[Table of Contents]
[Previous] [Next]
J. W. McGarvey
Short Essays in Biblical Criticism (1910)

 

[Aug. 24, 1895.]

FELLOWSHIP IN UNBELIEF.

      The Christian Observer asks the question: "At the laying of the corner-stone of the new University of Chicago, a week ago, Rabbi Hirsch made the convocation address. But as a Jew, of course he denies the divinity of Christ.
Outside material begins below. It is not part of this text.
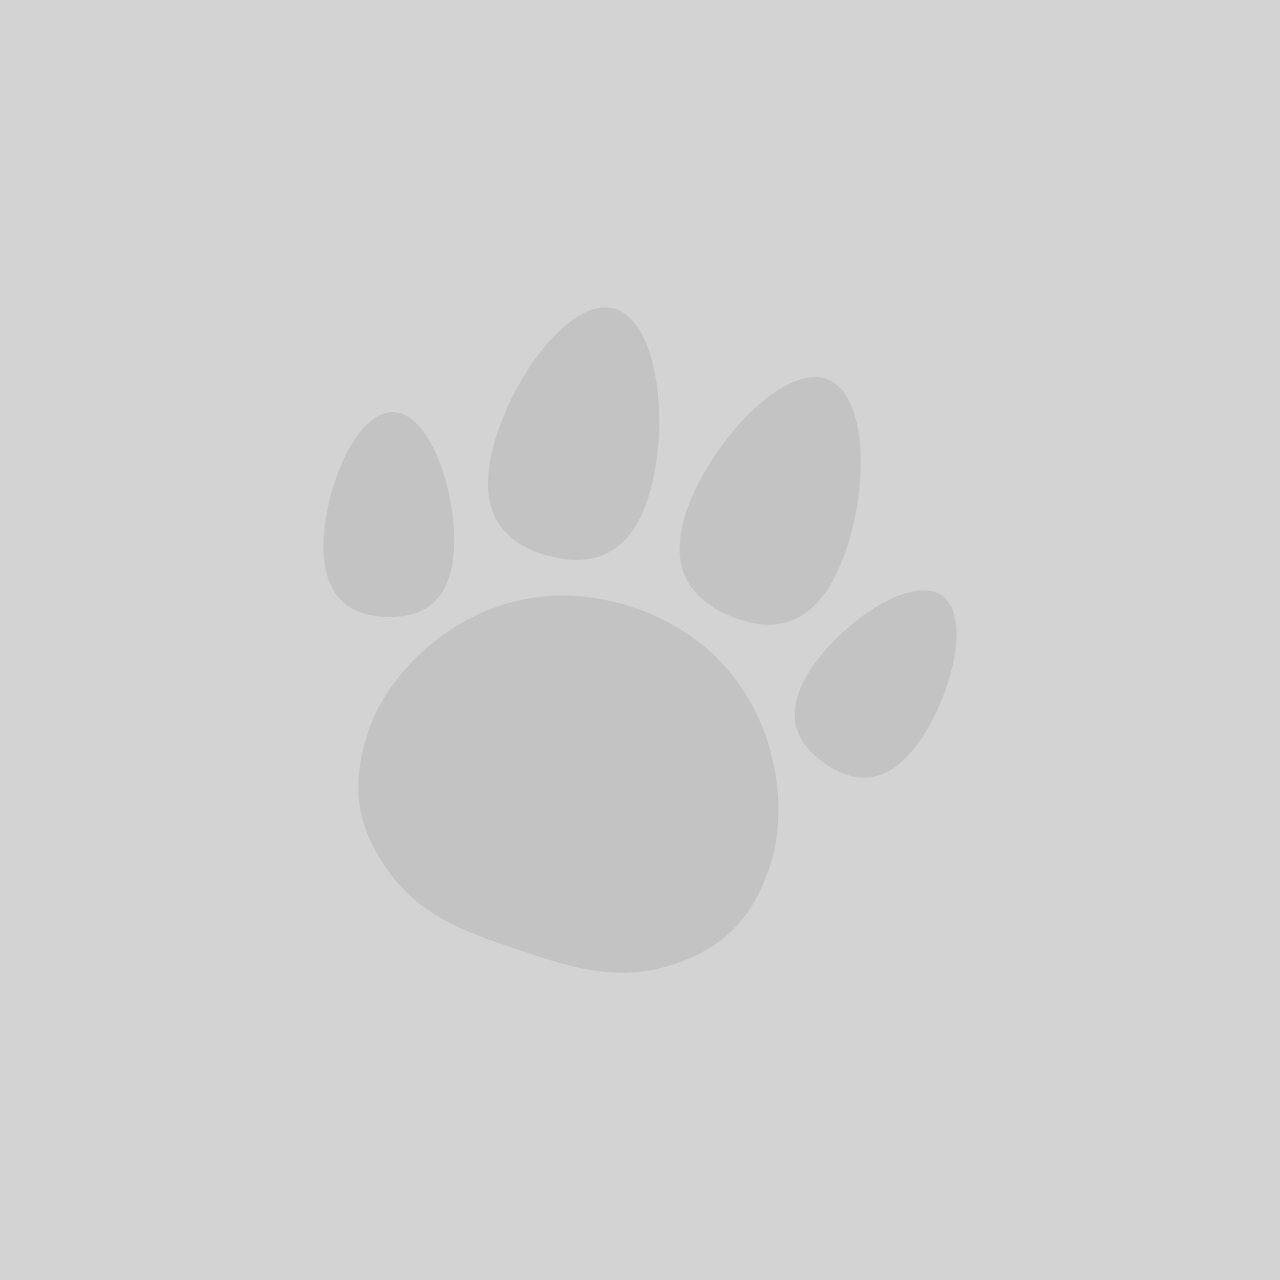 Pedigree Tasty Bites Dog Treats Chewy Cubes Mixed Variety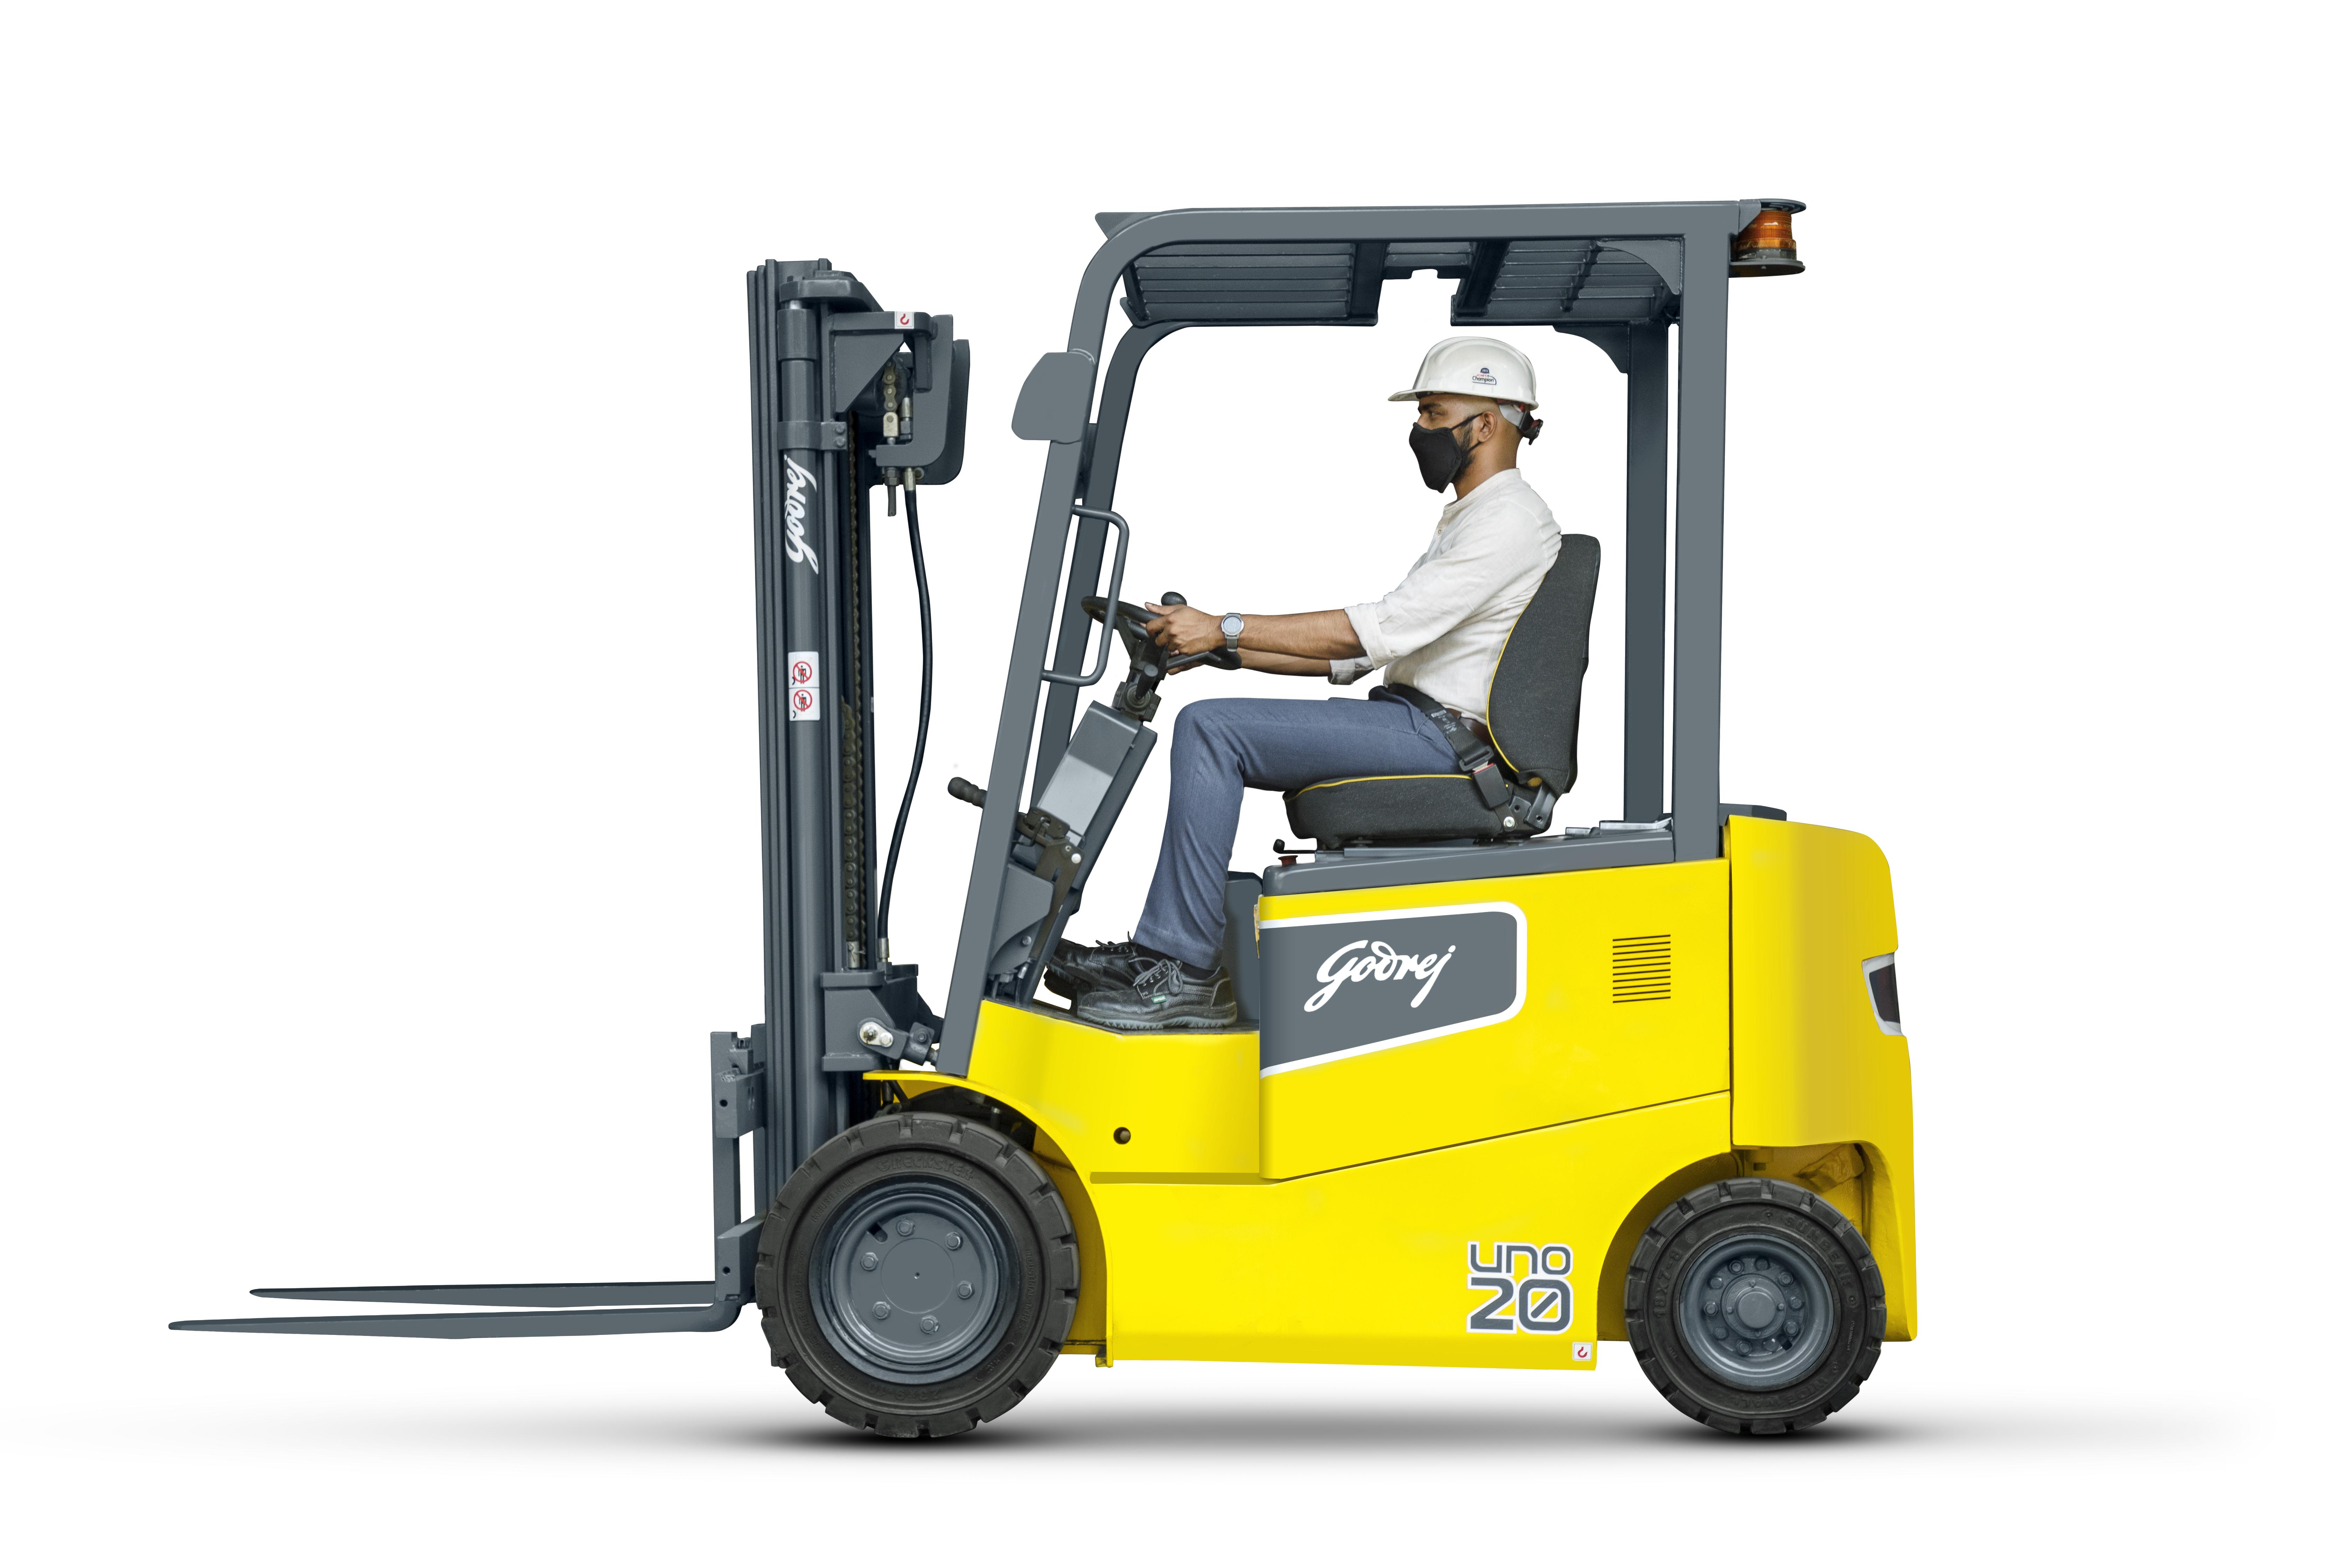 godrej UNO Forklift

How can it be right to call on an enemy or an opponent of Christ to take public part in such a service as the dedication of an edifice to His honor?"

      This is a very pertinent question, provided it is true that it was a "dedication of an edifice to His honor." But in that case it would be equally pertinent to ask, How could it be right for a Jew to accept the invitation to take part in such a service? Both the invitation, however, and the acceptance of it, are easily accounted for; for when a Jew who had lost faith in his own Bible, [111] meets Christians who have also lost faith in it, he knows that the latter are coming toward him in the rejection of Christ, and this inspires him with a brotherly feeling toward them. As men of a common faith are drawn toward one another, so are men of a common unbelief.

 

[SEBC 111-112]


[Table of Contents]
[Previous] [Next]
J. W. McGarvey
Short Essays in Biblical Criticism (1910)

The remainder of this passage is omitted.